Records from a data source
________________________________________

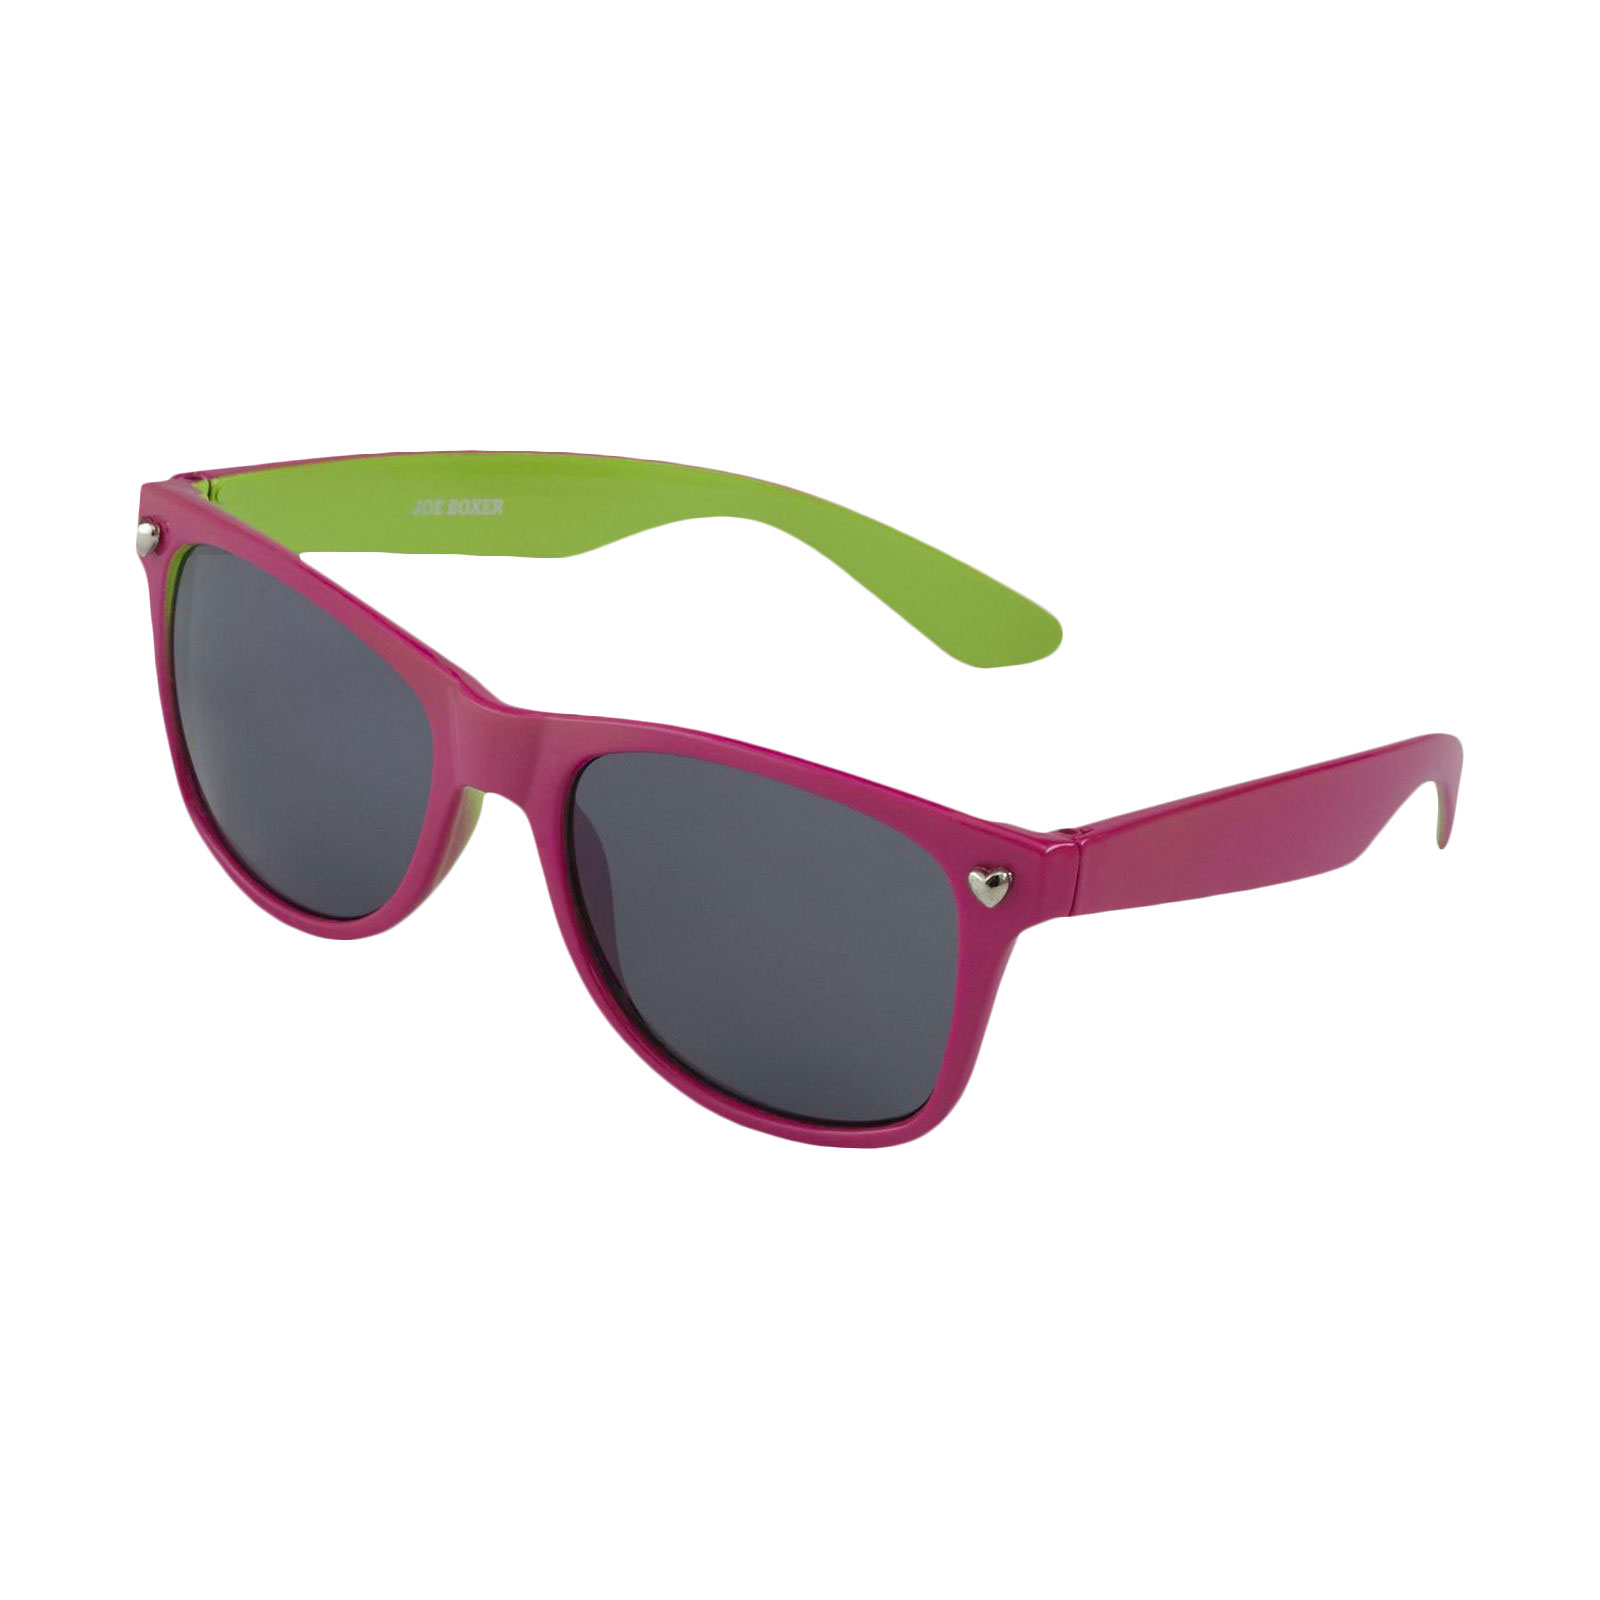 Joe Boxer Women's Neon Green and Pink Retro Sunglasses
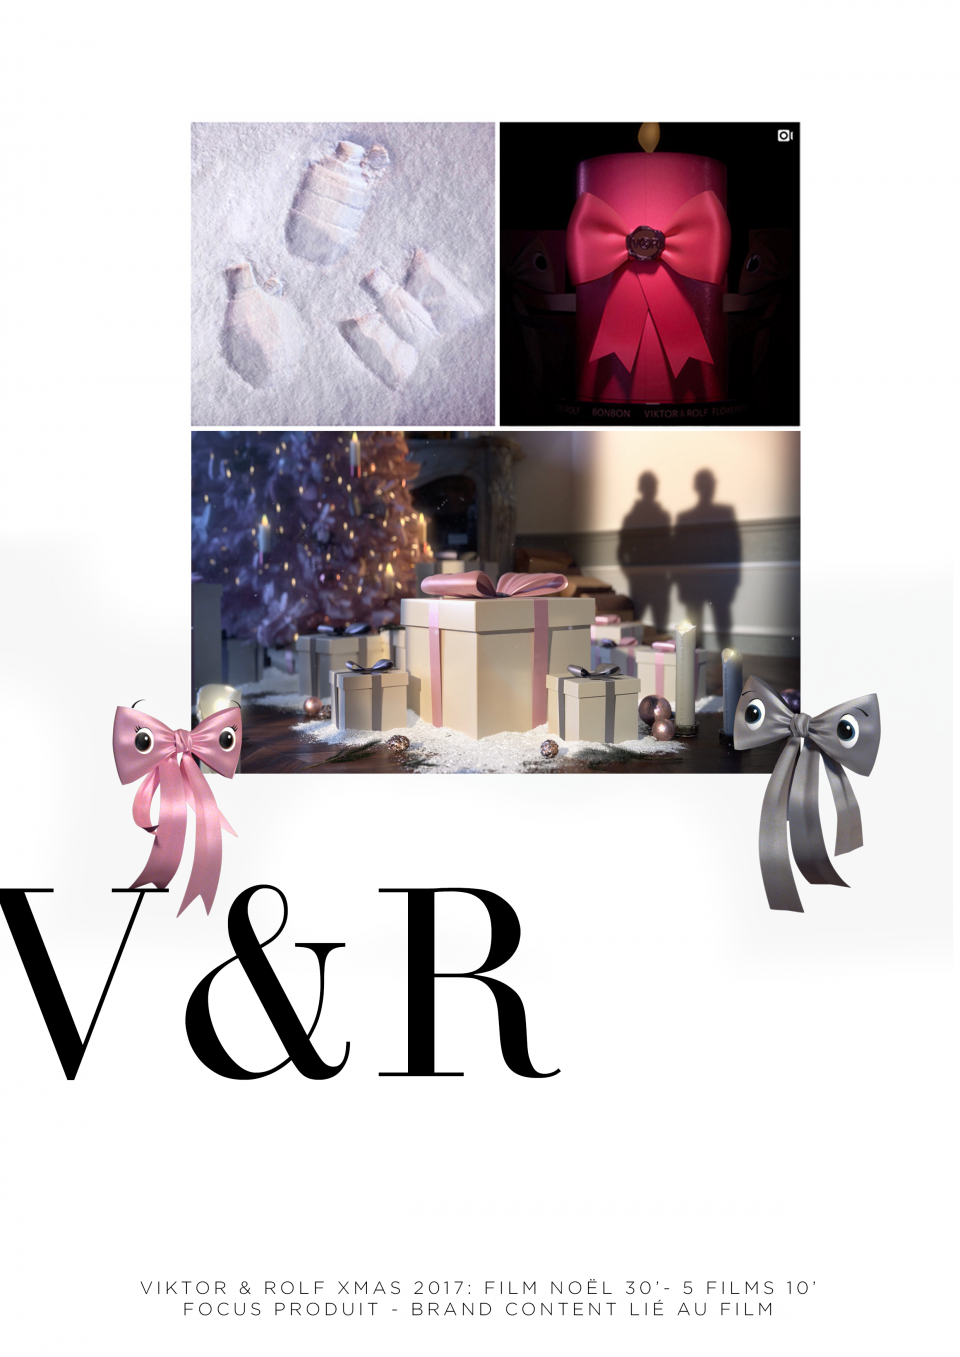 Viktor & Rolf Digital Campaign 2017
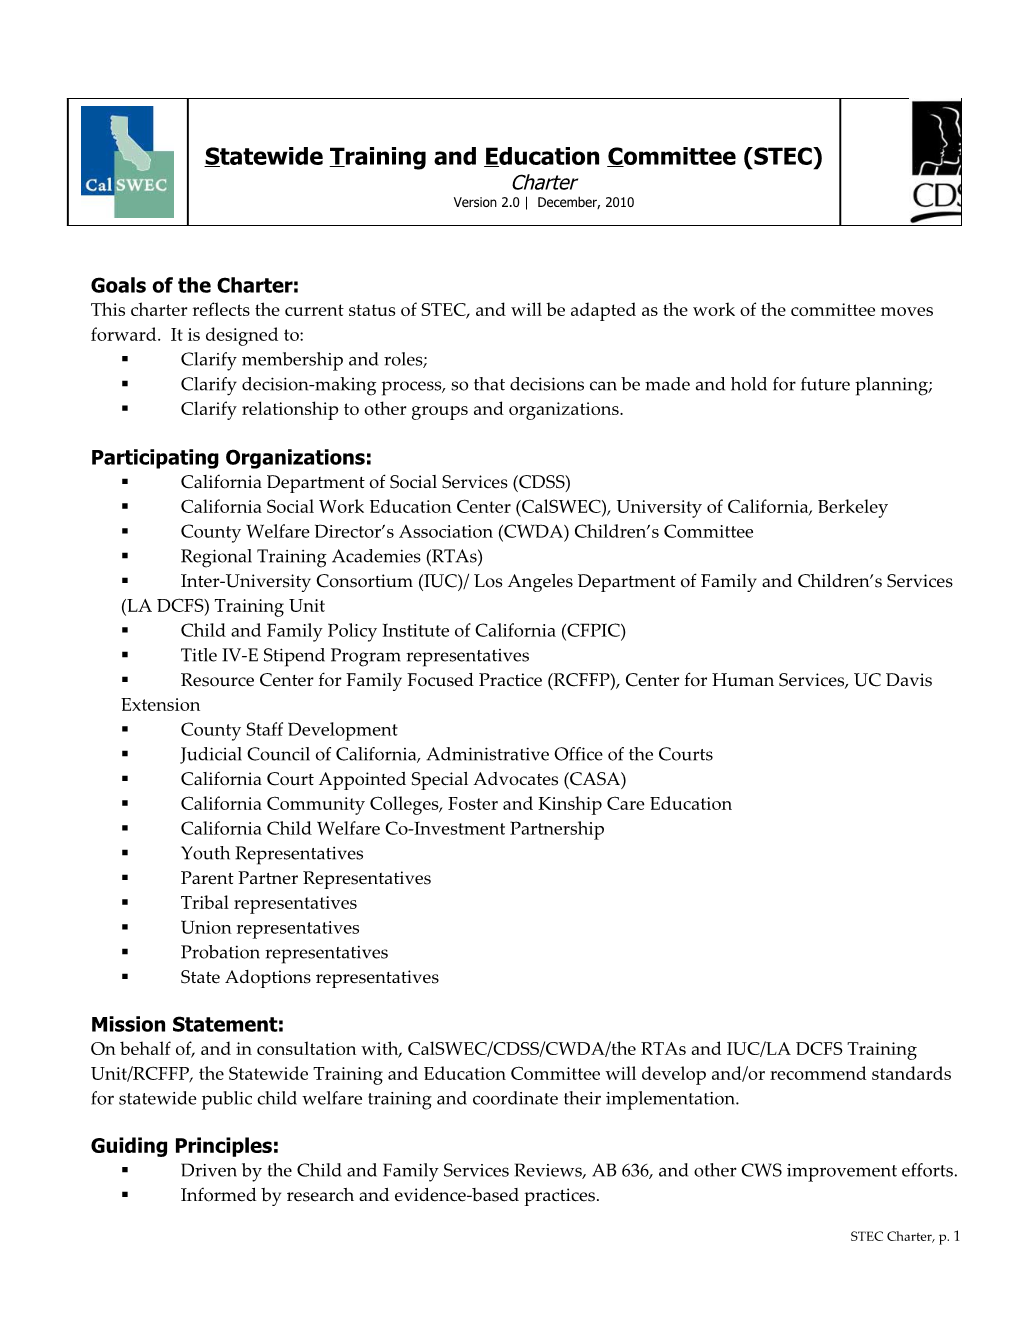 Standardized Core Curriculum Advisory Committee Meeting 9-21-00
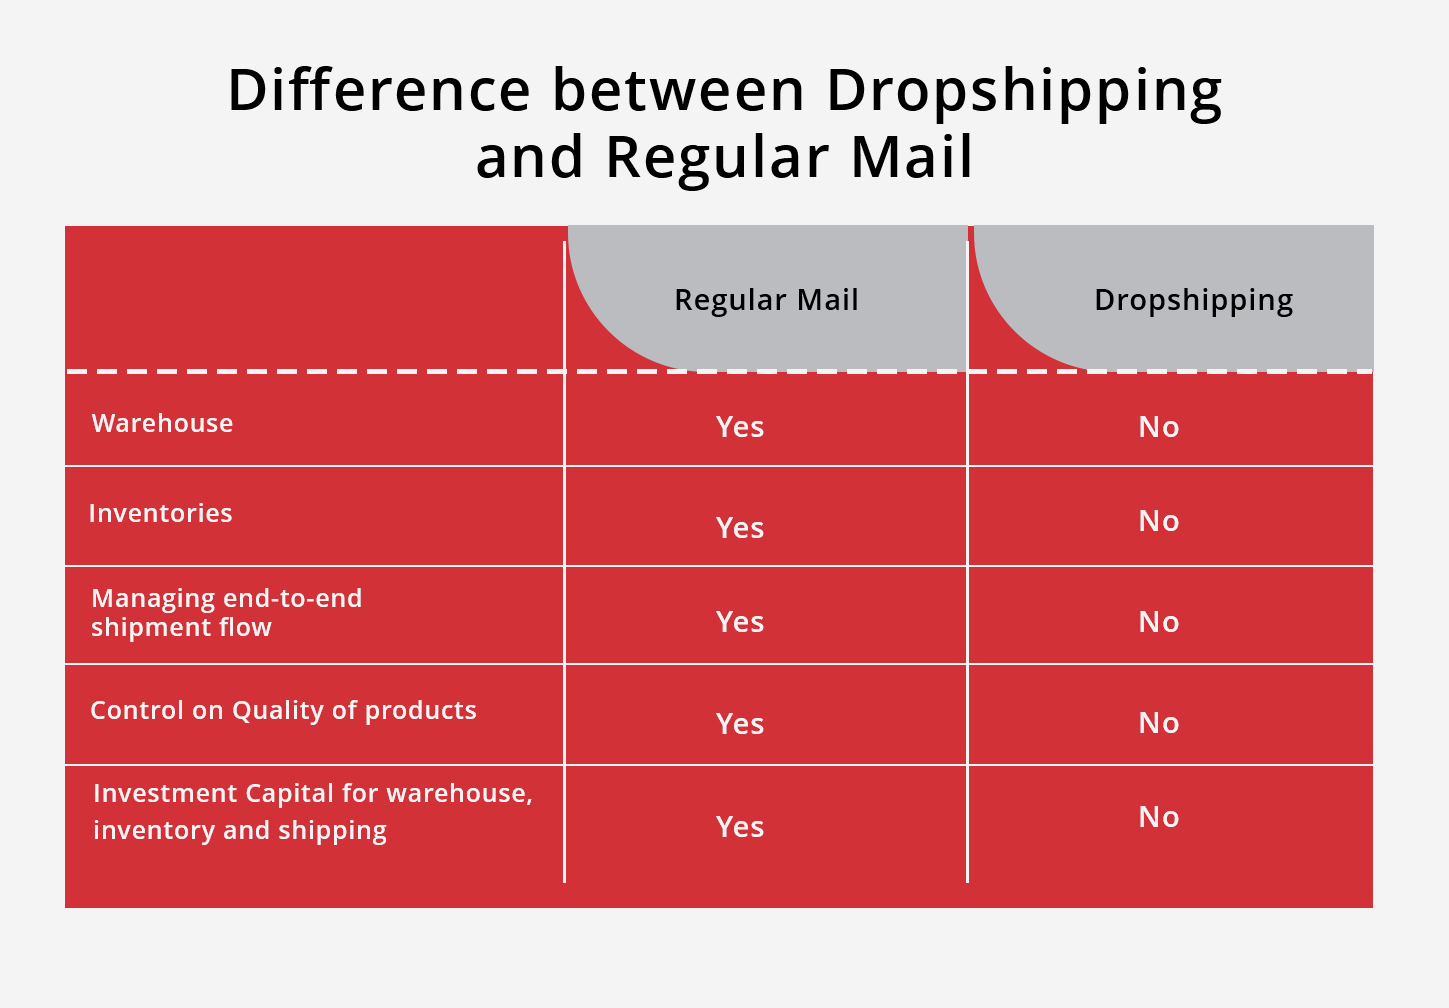 Dropshipping and Regular Mail
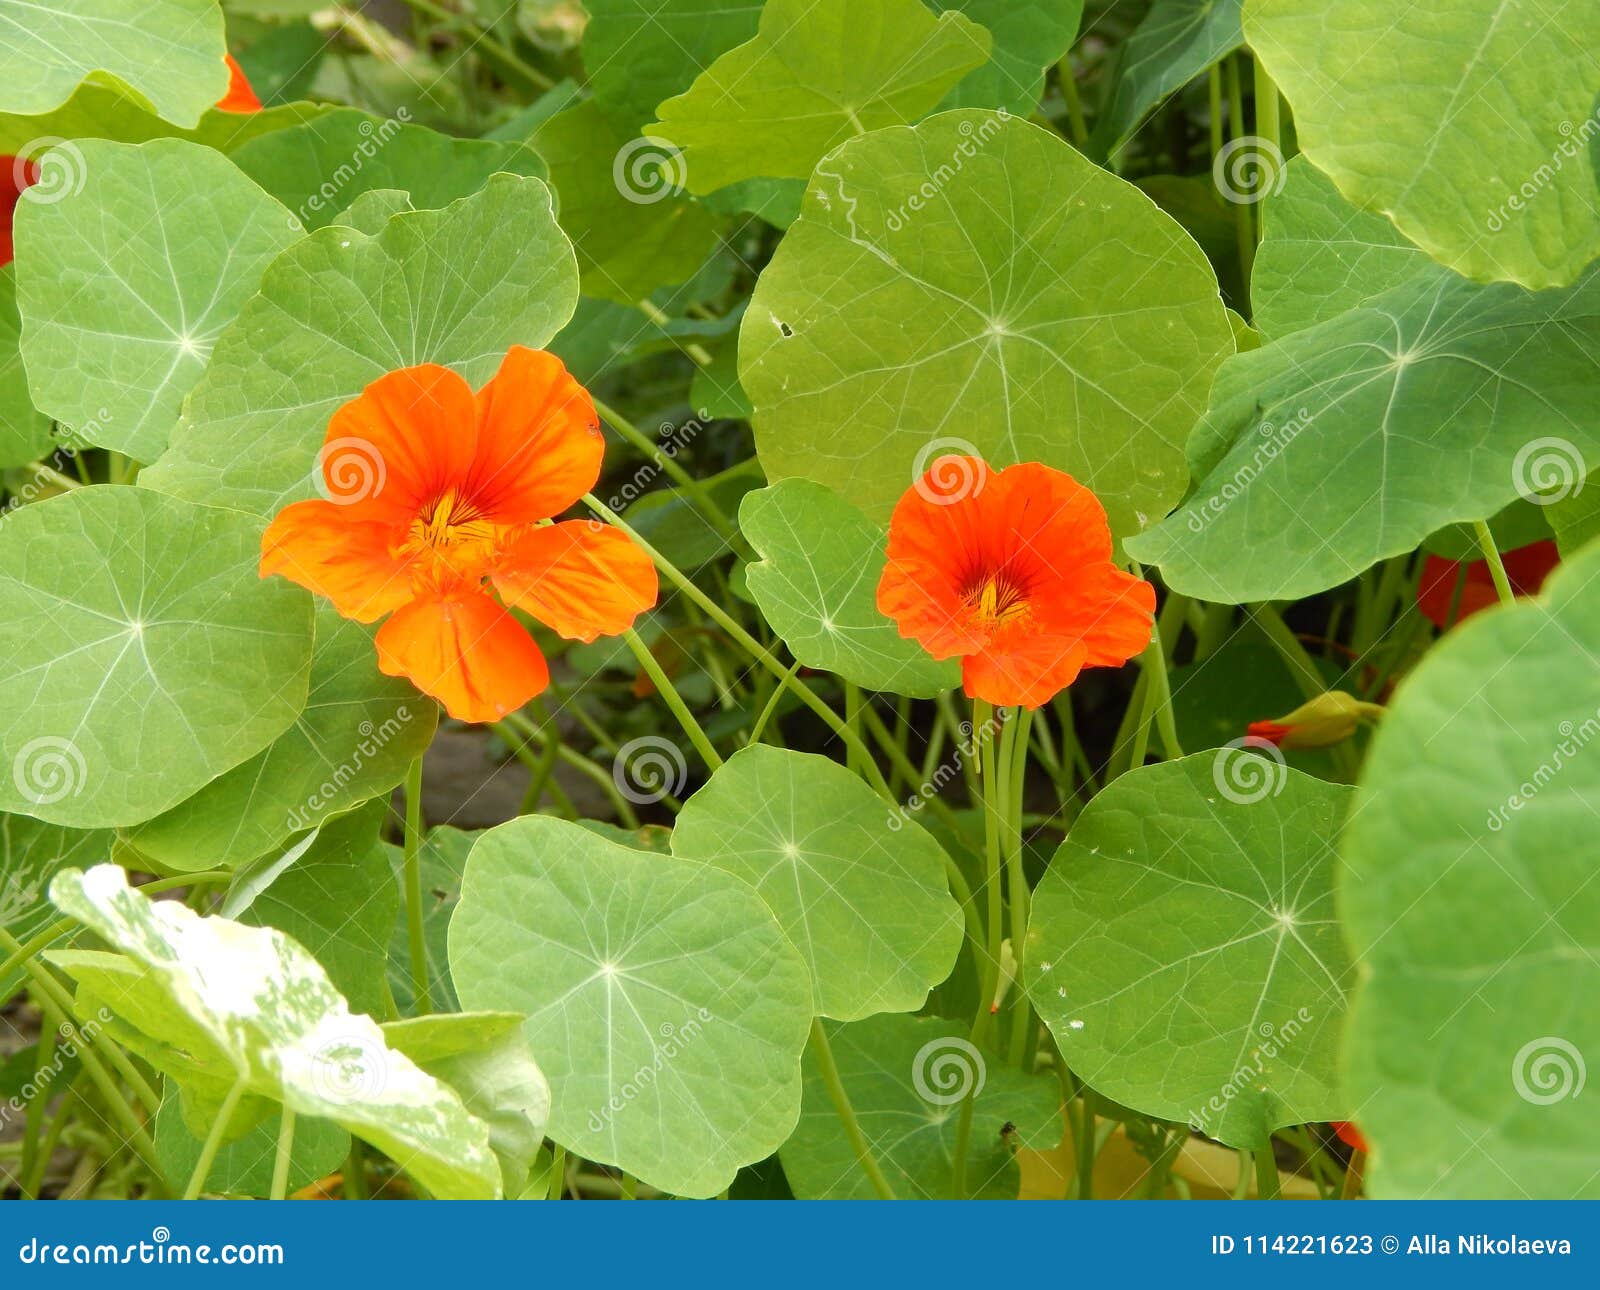 Plant Flower Nasturtium With Orange Flowers Stock Image Image Of Summer Orange 114221623

________________________________________

**EXERCISE**
Copy exactly the lines from the one containing "Viktor & Rolf Digital Campaign 2017" through the final line of the records above, both included, and leave out any pictures.

**ANSWER FOR THE TASK**
 Viktor & Rolf Digital Campaign 2017
 Standardized Core Curriculum Advisory Committee Meeting 9-21-00
 Dropshipping and Regular Mail
 Plant Flower Nasturtium With Orange Flowers Stock Image Image Of Summer Orange 114221623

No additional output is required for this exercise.